In the very earliest days of the settlement of the America's there was a tendency to demonize Native Americans. They were the element out there beyond the settled boundaries where danger lurked. They raided settlements, butchered settlers and carried off women and children. They were savage and unpredictable.



Later, by the middle of the last century, these savage devils had morphed in popular representation into two dimensional characters in head-dresses and smoking peace-pipes. No longer relevant or a present danger, they were not represented in a malicious way or demonized; simply dismissed as quixotic, amusing, and irrelevant.



In the past twenty-five years, this imaging has morphed yet again, this time, either intentionally or accidentally, representing Native Americans as victims of a concerted ethnic cleansing. There is a greater inclination to attempt to understand this period of history from the Native American perspective, which is a worthwhile counterbalance to what came before which was mostly from the pioneers' perspective.

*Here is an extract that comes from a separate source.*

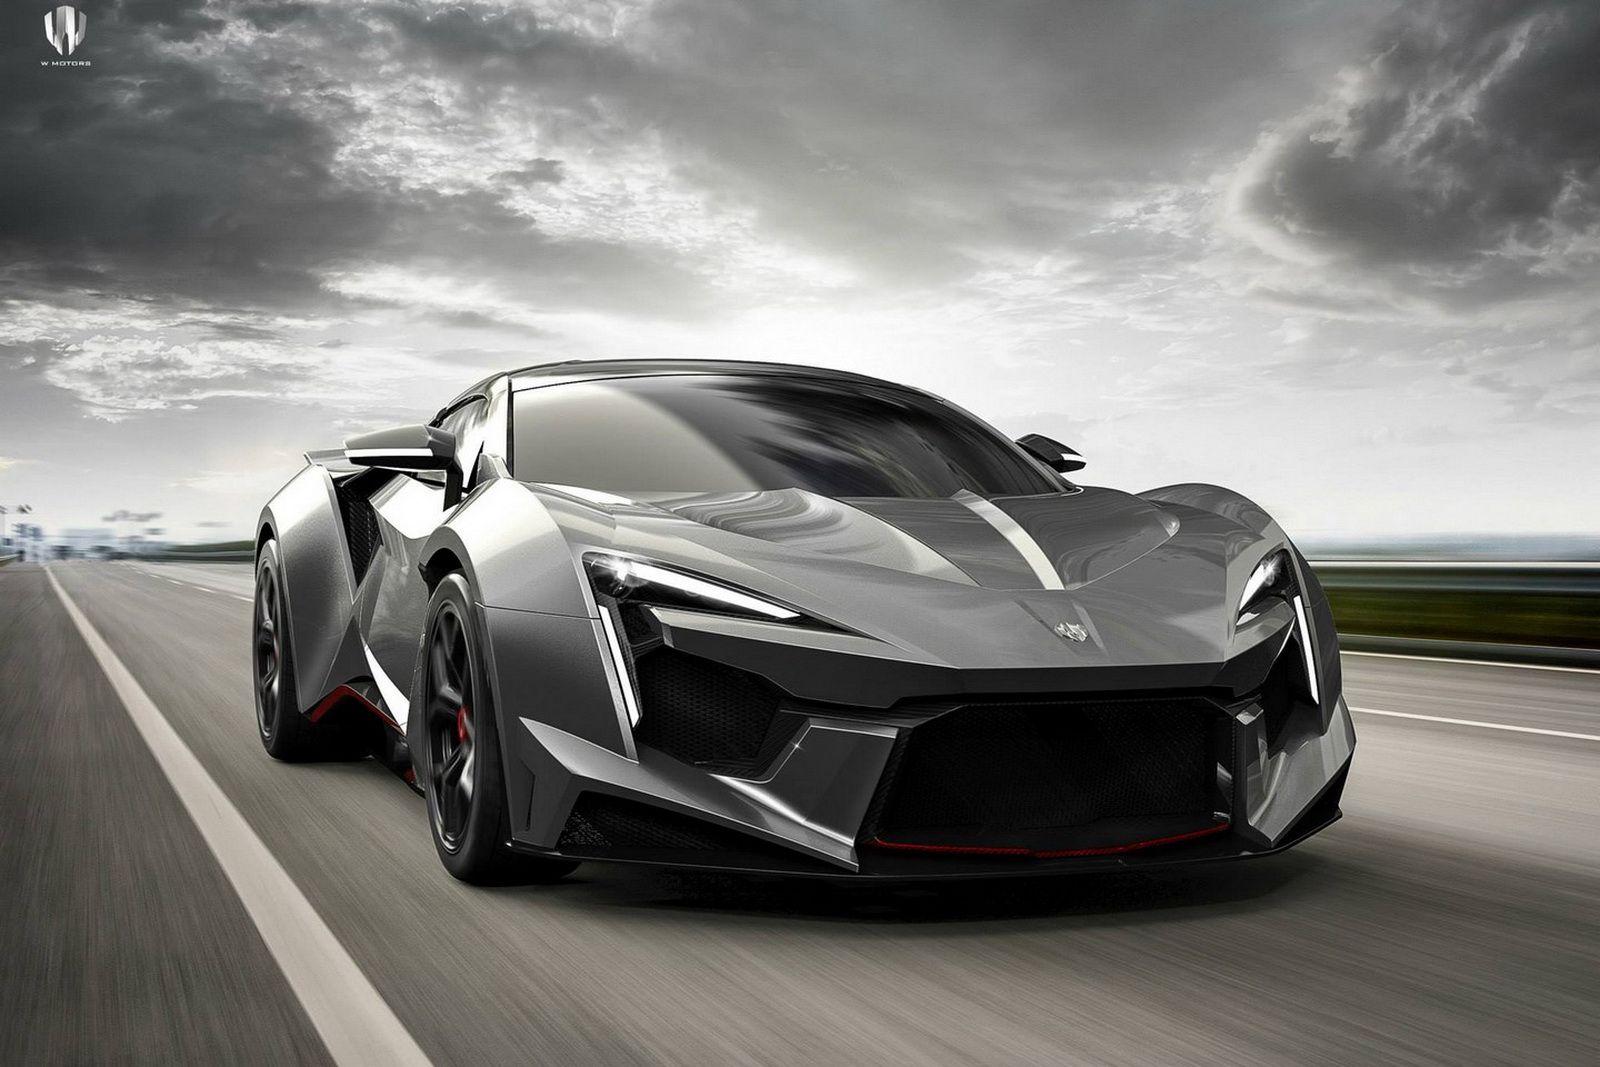 New Fenyr Supersport Revealed At Dubai Delivers Over 900hp 248mph Carscoops Lykan Hypersport Super Sport Cars Sports Car Wallpaper

It is ironic, though, that this contemporary storytelling is as ethnically insensitive and stereotyping as its predecessors but equally blind to that fact. In the modern telling, the Native Americans still lack agency - the capacity to demonstrate that they are individuals responsible for themselves and capable of crafting a life of dignity that may or may not, like everyone else, be marked with the outward trimmings of success.



It is all in how you view things. Most people are now aware that Leif Ericson and other Vikings made it to North America in 1000 AD and established an early, albeit in the event, temporary, settlement in Newfoundland. In fact, temporary settlements scattered along the northwestern coast of Canada continued for more than a decade before contact eventually dwindled away. While there were many likely reasons that this initial European discovery of and early settlement in North America failed, one significant reason is clear from the Vikings own writings; the resistance of the native skraelings, Native Americans. I think most people simply dismiss this first interaction as a simple false-start of settlement by Northern Europeans and think no further of it. The other way of considering this particular historical interlude is to view it as the first successful defeat of a new migratory invasion into North America. The Vikings were at the tail end of horrendously long "supply" line of several thousand miles. The technology differential between Native Americans and Europeans was not as dramatically wide in 1000 as it would be in 1500. Never-the-less, the Vikings were no pushovers. Viking raids, conquests and settlements extended over much of Europe (the British Isles, Russia, France, Germany, Poland, into Spain, etc.). The resistance and effective casting out of the Viking invaders from North America is a little recognized accomplishment in the pioneer history of North America.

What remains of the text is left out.